Pay close attention

Several years ago, I saw a grainy but mindblowing video from the 1970s:

A tennis coach took an out of shape 45-year-old woman and had her go from never having held a racket at minute 0, to playing serviceable tennis at minute 45, running around, getting forehands over the net and into the court, even serving.

If you’ve ever played tennis — as I have, for years, before I gave up the sport in frustration — you know this is almost miraculous. It takes months to learn what this woman was doing with such ease, particularly at her age.

The coach in that video was Tim Gallwey, who wrote a book called The Inner Game of Tennis. The book is well-worth a read even if, like me, you are naturally averse to ideas like “inner game” and “mindset.”

Gallwey’s technique for teaching tennis involved getting the student to pay close attention — to the sound of the ball as it hits the racquet, or to the rotation of the seams as the ball travels through the air, or to the exact spot that the ball crosses the net.

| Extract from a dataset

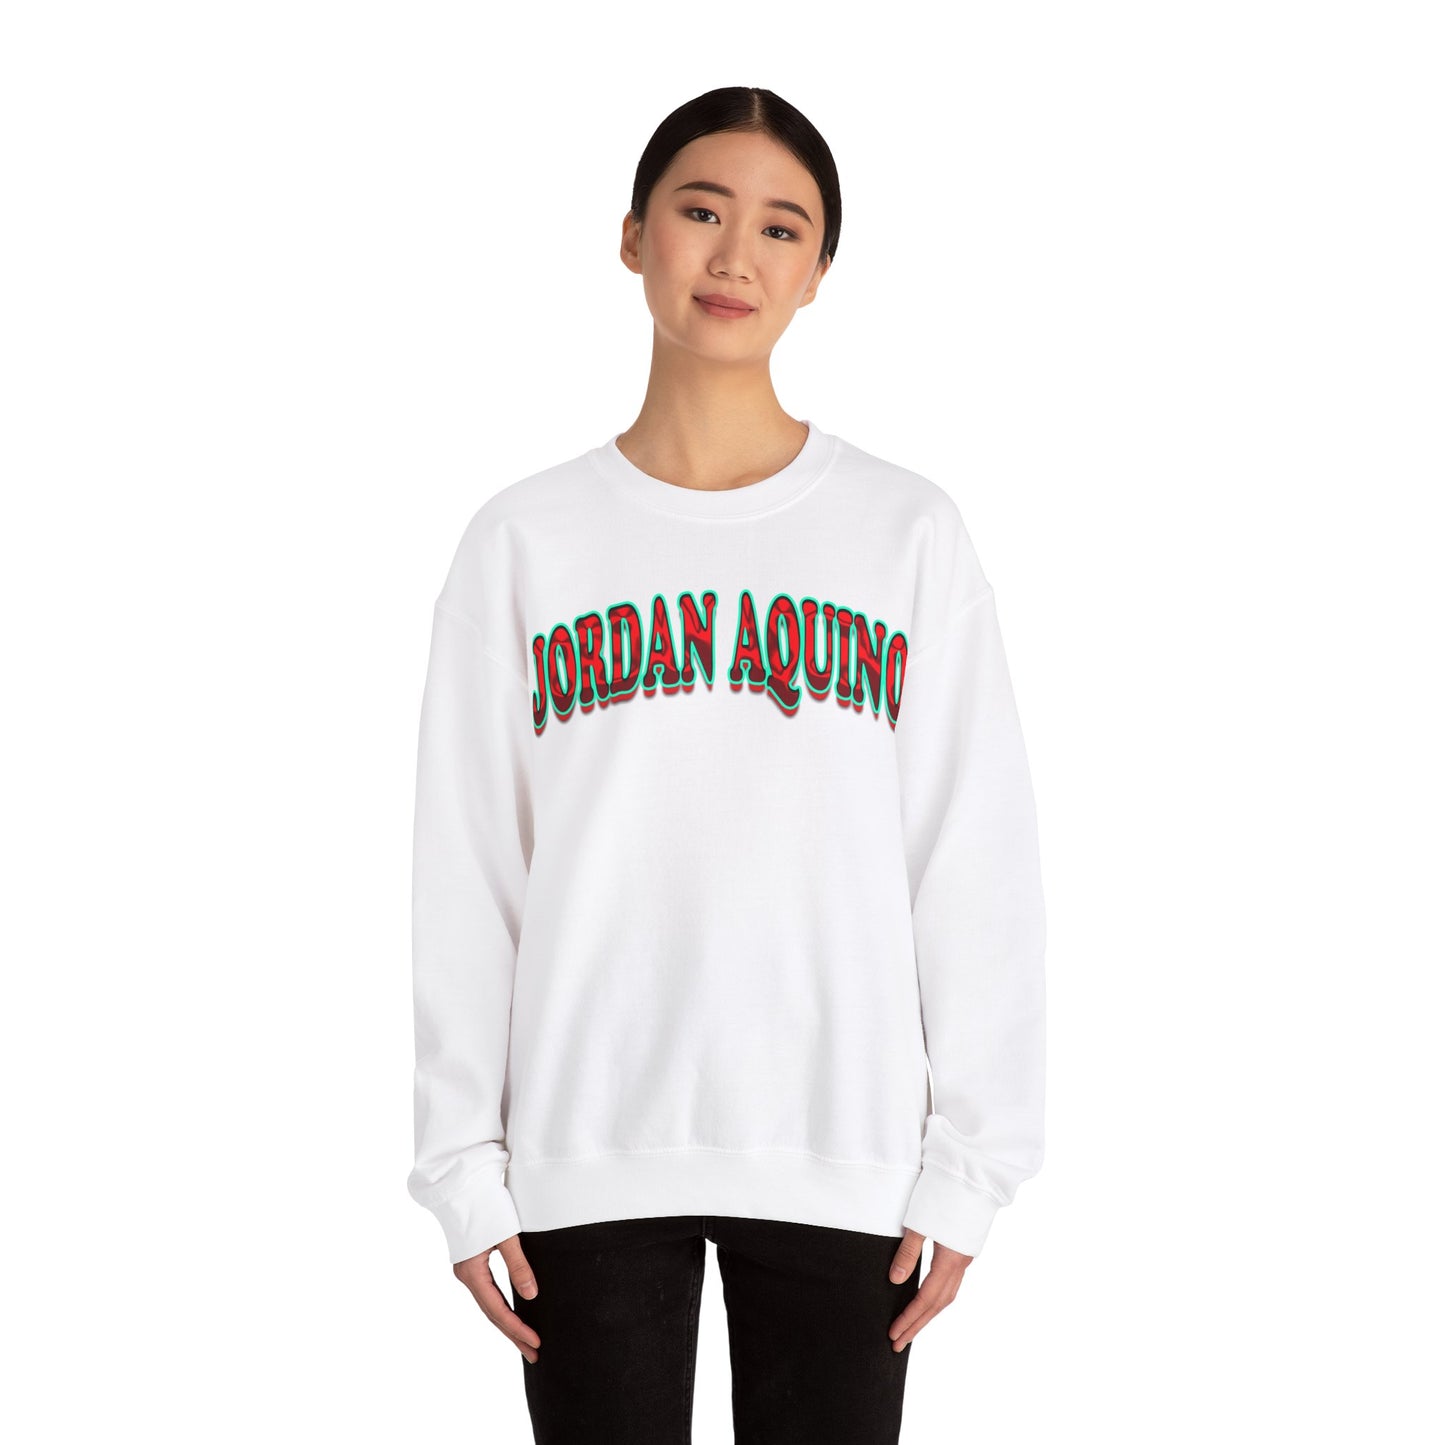 Jordan Aquino Crewneck Sweatshirt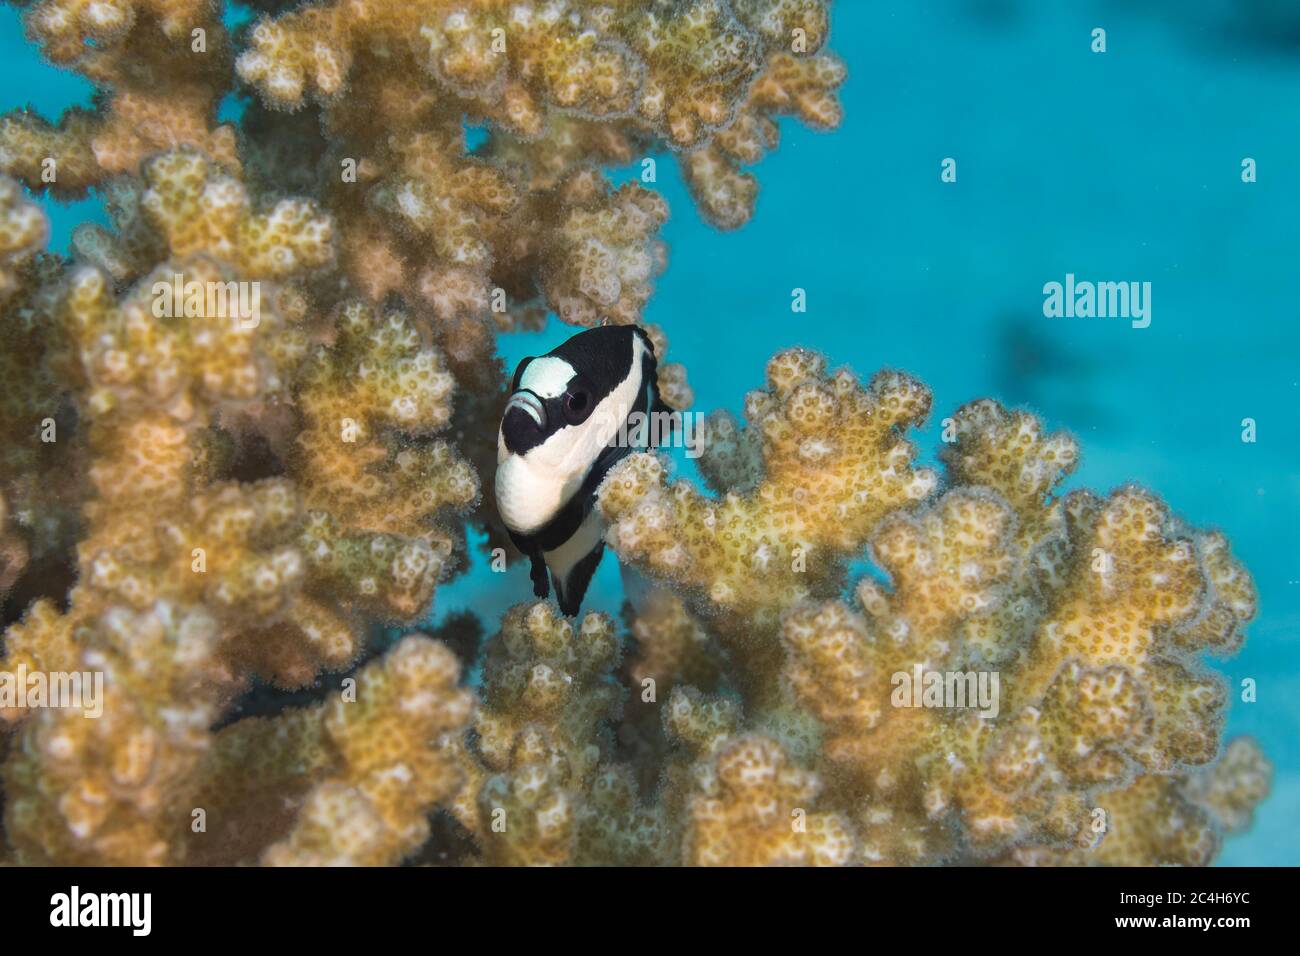 Four stripe damselfish (Dascyllus melanurus), small black and white stripe fish hiding in coral Stock Photo

And that was it. Just pay attention, to one thing, closely.

Magically, inner-gamingly, this was somehow enough to get people like that 45-year-old woman to learn to play tennis in a single sessions of not trying very hard.

I found this very interesting at the time. It has stuck with me ever since. But as often happens, I never really dug much deeper.

And then, a couple days ago, I was reading a 2007 book about the discovery of neuroplasticity, titled The Brain That Changes Itself. From that book:

===

Finally, Merzenich [the scientist who conclusively proved neuroplasticity exists] discovered that paying close attention is essential to long-term plastic change. In numerous experiments he found that lasting changes occurred only when his monkeys paid close attention. When the animals performed tasks without paying attention, they changed their brain maps, but the changes did not last.

===

Why do kids pick up skills and languages and social norms so easily and thoroughly, without seeming effort?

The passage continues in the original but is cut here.